どうしたって期待したい!!
そんな間にも続けざまピロンピロン響く通知音でなんとなく相手は限定される。
実結だな。
「………滅茶苦茶通知鳴ってるね」
「メールと違って長文を送信ってわけじゃないから」
「でも、連続して送るなら長文でもよくない?」
「ああ、うん。水城くんはまさにそうだったね。
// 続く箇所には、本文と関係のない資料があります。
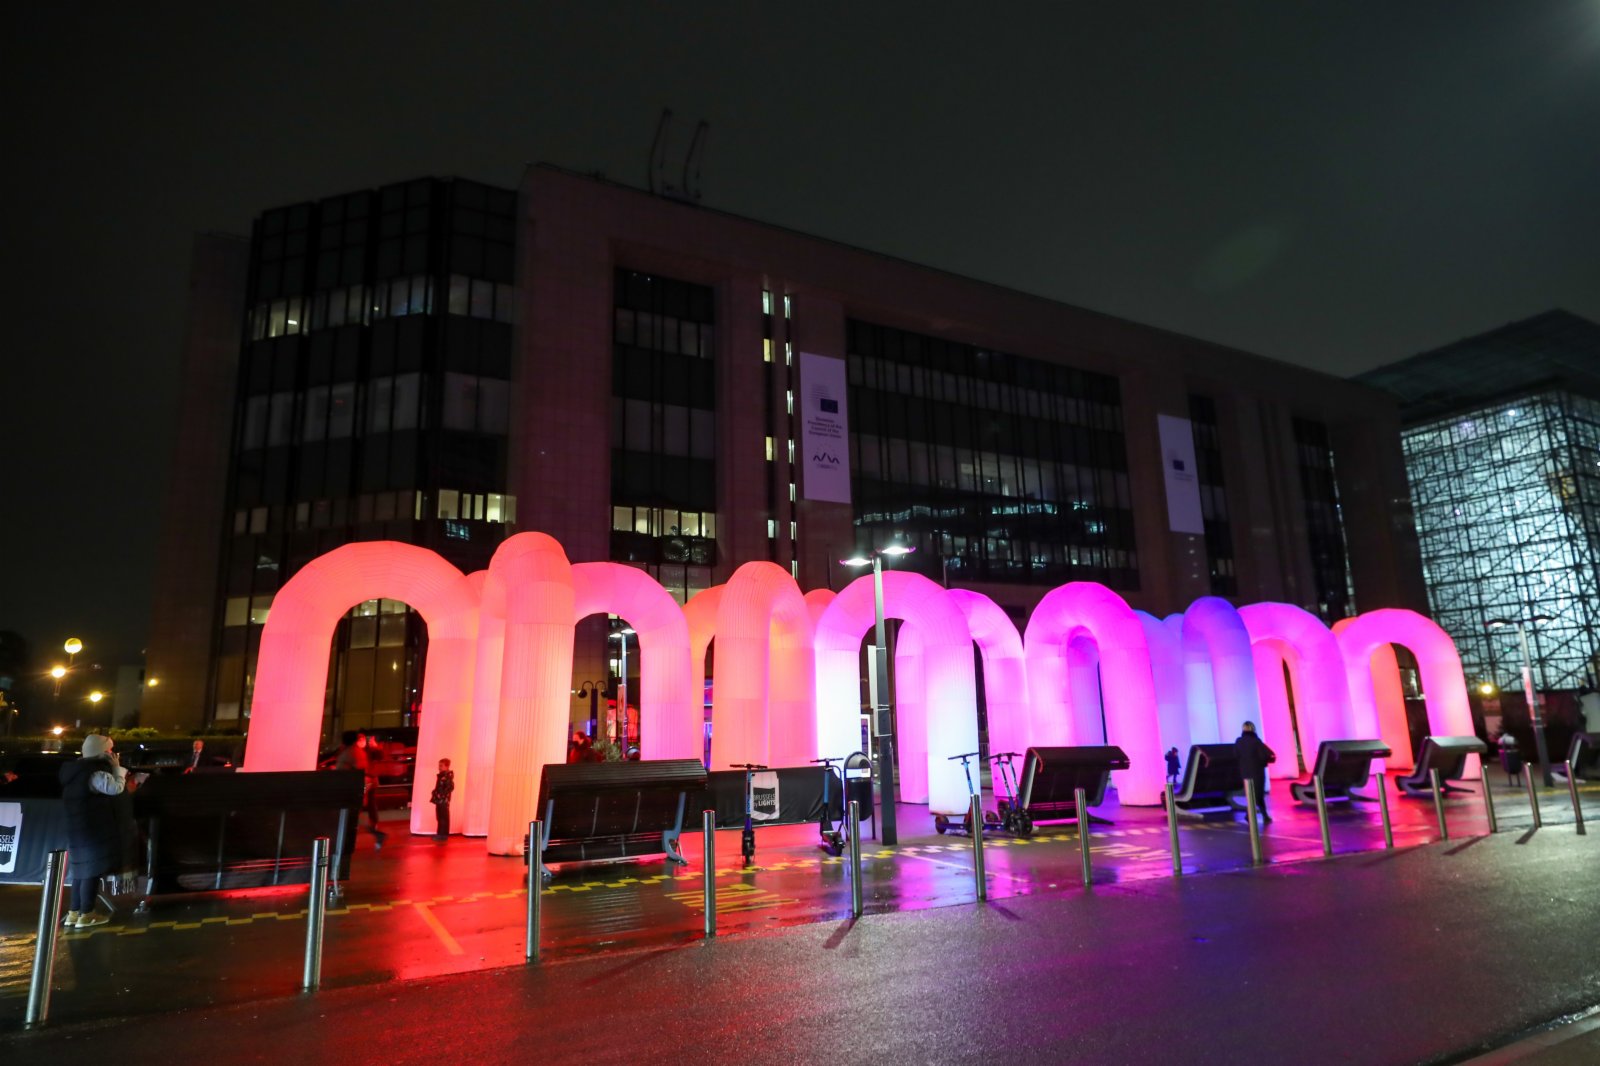 這是11月30日在比利時布魯塞爾的舒曼廣場拍攝的燈光藝術裝置「天空城堡」。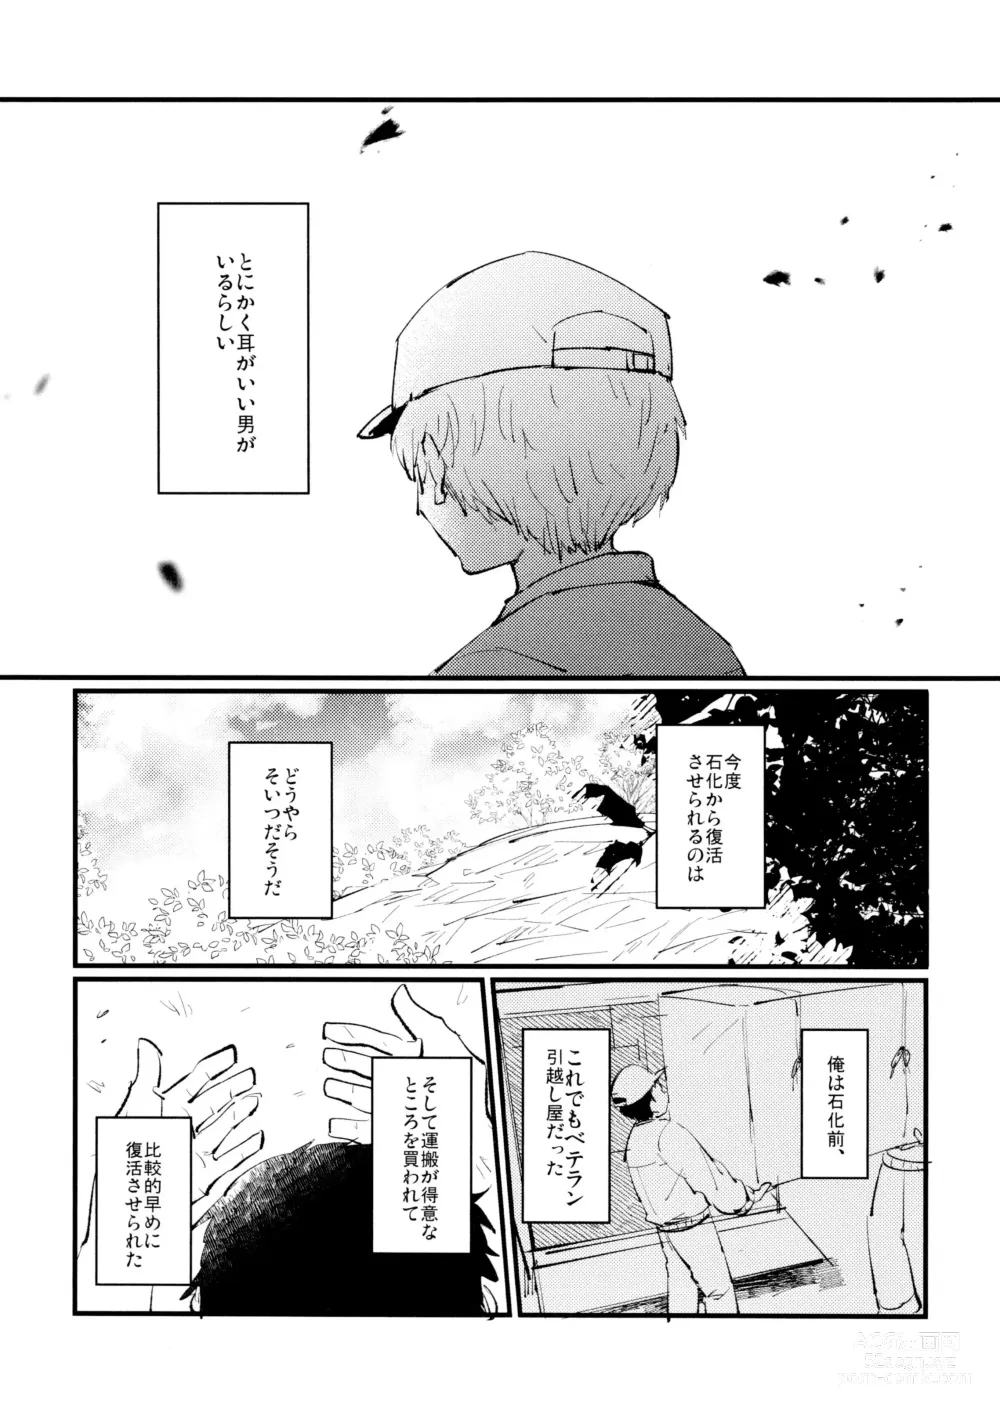 Page 4 of doujinshi Yasashii Kawaii Ore no Tenshi Ukyo-san

まあ、この子の場合特に一言一言くだらなくて意味がある様でない様な会話だから」
「もしかして鈴原がよく一緒にいる子?」
「あれ?何で?一緒の時水城くんと会ったっけ?」
「いや、だって同じ大学じゃん?学科違っても見かける事なんて普通にあるでしょ」
「っ……」
ヤバい……なんか嬉しい。
知らず知らずに水城くんに見られてたんだ。
いや、深い意味はないと思うのだけども、やはり自分を認識してもらっているというのは嬉しくてつい浮れてしまう。
ああ、マスク様ありがとう。
おかげで気兼ねなく口元ニヤニヤさせられます。
「面白い子なんだよぉ。ちょっとゴシップ好きで人の恋愛事とか大好物なんだけどねぇ。送ってくるLINEもいちいちくだらなくて面白いの、」
「へぇ、」
「ほら、こんな…………………………」
「…………………………………」
くだらない会話なの。……と、続けるつもりが続けられなくなりました。
思考停止。
いや、停止してる場合じゃないとなんか変な汗が滲み出てくるんだけど。